# Those evil square pin sockets!



## mikaila31 (Feb 24, 2006)

I was totally fed up with this square pin socket! And I'm a really broke college student ATM, so didn't want to pay $10 to get a new socket shipped to my door. So I "fixed" it. I think I created a fire hazard in the process...... at least it is on a GFI.


----------



## Zapins (Jul 28, 2004)

Hahahahaa!!! I like your solution. I have a similar one with Coralife's fixtures except its straight socket to square pin bulb. I accidentally bought the wrong bulb, and it will cost like 40$ to get a converter or 45$ for new bulbs


----------



## Sterling919 (Jan 19, 2008)

They make an adapter that'll let you go from the square pin bulb to the a straight pin, which you know is cheaper. I found some on ebay awhile back and bought 2 sets. I can't remember what they were called or who I bought them from but I wanted to let you know they do make an adapter for it.
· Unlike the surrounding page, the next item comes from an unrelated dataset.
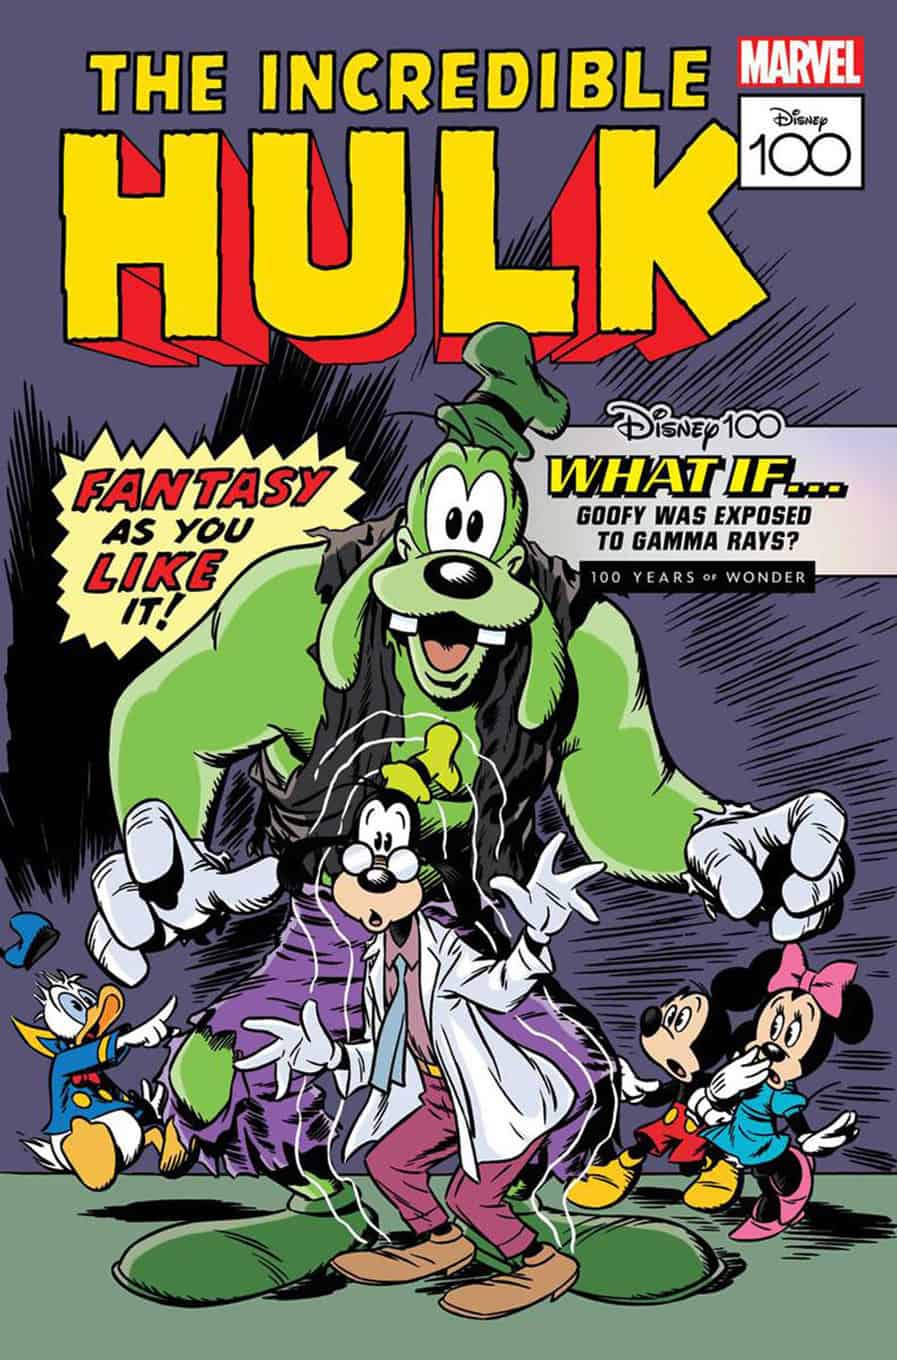 Amazing Spider-Man #21 spoilers 0-3 Vitale Mangiatordi Disney100 Hulk Cover

Probably be ok with what you done though, probably not a fire hazard, time will tell though huh? Ha-ha.


----------



## mikaila31 (Feb 24, 2006)

Yeah my first attempt didn't hold for even 12 hours. I redid it and put some effort into it. It came out quite well. IDK what you call the things I used. I just found them in our giant tool bench, in with the wire crimps. They had a round socket on one side and a two prong fork on the other. Fit very snugly on the pins.


----------



## Sterling919 (Jan 19, 2008)

Well all that matters is they work and that looks pretty damn good to me, good job. I think you're talking about spade terminals or something like that. I thought about doing that but then I ran across those adapters but I never used them cause I sold the fixture that required those bulbs. I sold one set with the fixture and kept a set so if I ever ended up with a light like that again, I wouldn't have to buy those expensive bulbs.

That looks good though, looks nice.


----------